Memberdayakan bisnis lokal: inisiatif kemasan tepung singkong inovatif oleh siswa meningkatkan ekonomi desa belo
Pada 5 Agustus 2025Di Belo Village, Ganra Subdistrict, Soppeng Regency, sebuah program inovatif diadakan di Balai Desa Belo yang berfokus pada penguatan UMKM (usaha mikro, kecil, dan menengah) melalui strategi kemasan modern. Diprakarsai oleh Mahasiswa Literasi Literasi Tematik dari Universitas HasanuddinWave 114, acara ini memperkenalkan produk bernilai tambah: MOCAF (Tepung Singkong) terbuat dari singkong.

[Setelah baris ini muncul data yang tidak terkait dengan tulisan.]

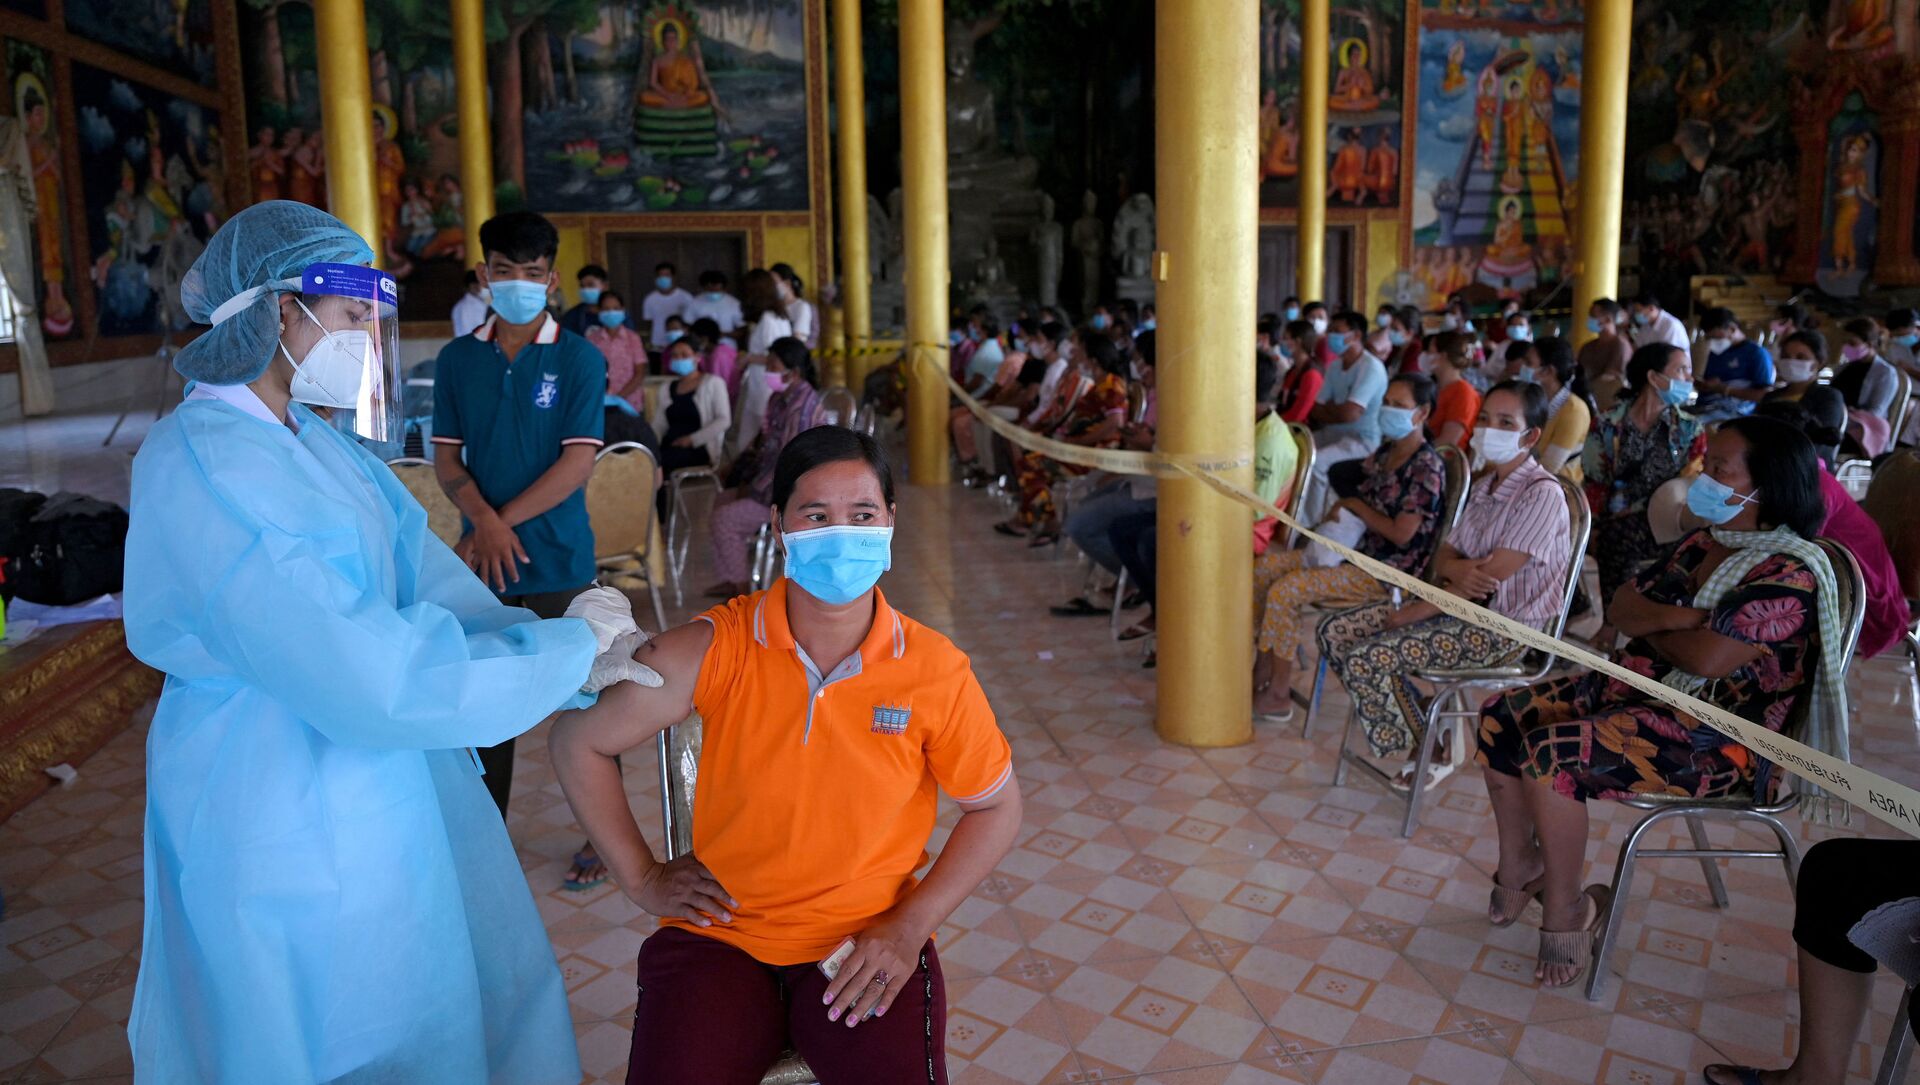 Tiêm chủng hàng loạt chống coronavirus bằng vắc xin Sinopharm của Trung Quốc ở tỉnh Kandal, Campuchia. - Sputnik Việt Nam, 1920, 15.06.2021

“Produk ini adalah ciptaan siswa KKN sendiri, yang dirancang dengan kemasan yang menarik dan modern untuk menyampaikan pentingnya nilai tambah melalui kemasan yang baik kepada masyarakat,” kata Cerita rakyatsalah satu peserta KKN dari UNHAS.
Program ini bukan hanya sesi pelatihan, tetapi juga terlibat sosialisasi langsung dan penyerahan kemasan MOCAF ke Kepala Desa Belo, Tn. Wahyu Asharie. Dalam pidatonya, kepala desa menyatakan harapan bahwa inisiatif ini akan memotivasi penduduk desa untuk secara kreatif dan berkelanjutan mengembangkan potensi lokalterutama dalam memperkuat ekonomi desa. SMAN 2 LUWU TIMUR
Area Fokus Utama Program
- Kemasan Inovatif: Desain modern dan menarik meningkatkan marketabilitas produk.

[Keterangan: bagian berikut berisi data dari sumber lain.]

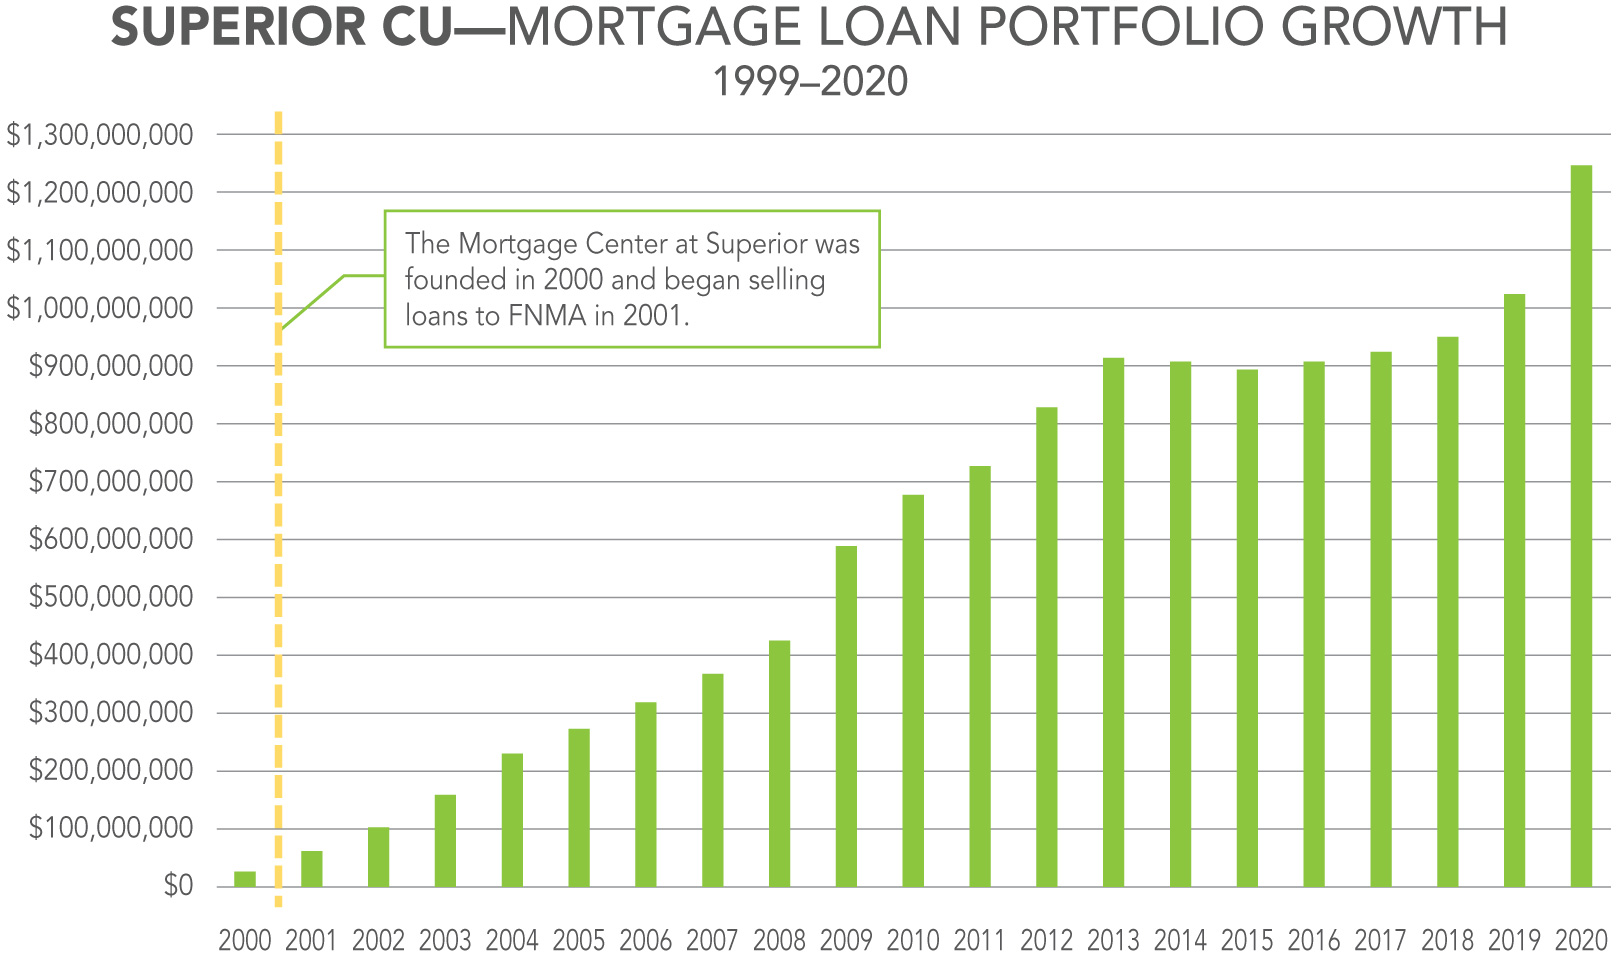 scu_mortgage_loan_portfolio_growth_rgb

- Pemberdayaan MSME: Membantu pengusaha lokal dalam memahami pentingnya branding dan pemasaran produk.
- Kolaborasi Akademik-Komunitas: Memberikan pengetahuan teknis dan dukungan lapangan oleh siswa KKN.
Dampak yang diharapkan
- Peningkatan pendapatan untuk petani singkong lokal dan produsen MOCAF.
- Pengembangan Kewirausahaan melalui pengemasan dan pelatihan pemasaran digital.

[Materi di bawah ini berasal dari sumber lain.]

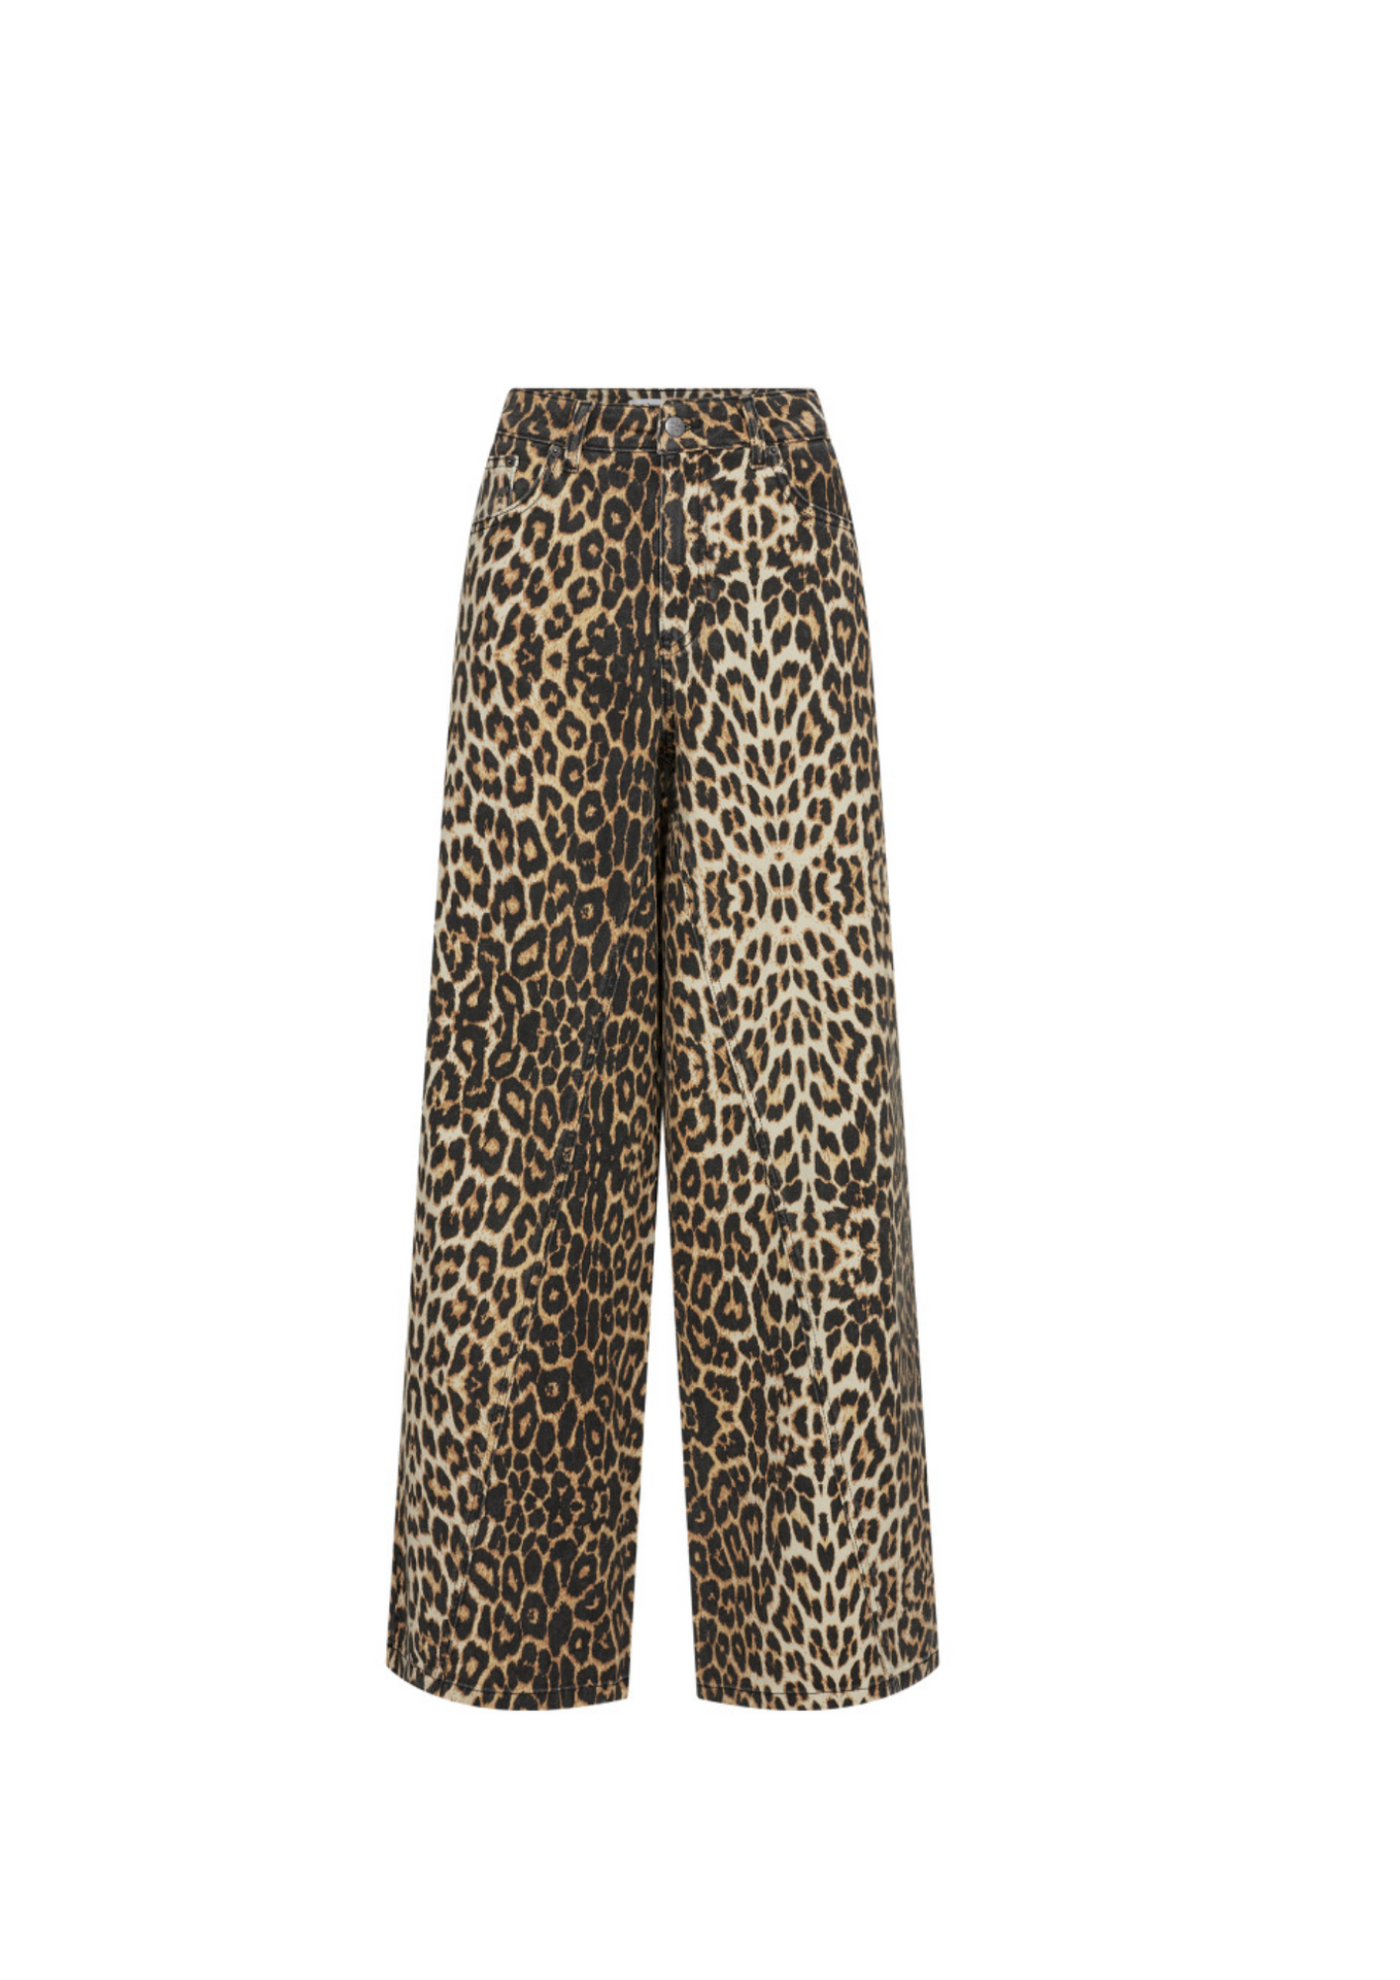 Co' Couture | LeoCC Denim Panel Pants Khaki lengte tot 1.75cm

- Model yang dapat ditiru Untuk desa lain di Sulawesi Selatan dengan potensi pertanian yang serupa.
Langkah selanjutnya
Siswa KKN berencana untuk memperluas program ke desa -desa tetangga, menggabungkan Pelatihan Pemasaran Online dan pengaturan baku mutu untuk produk MOCAF. Dalam jangka menengah, diharapkan produk dapat menembus pasar regional dan nasional.
“Melalui program ini, diharapkan bahwa orang -orang di desa Belo akan lebih didorong untuk secara kreatif dan berkelanjutan mengembangkan potensi lokal,” tambah Cerita rakyat.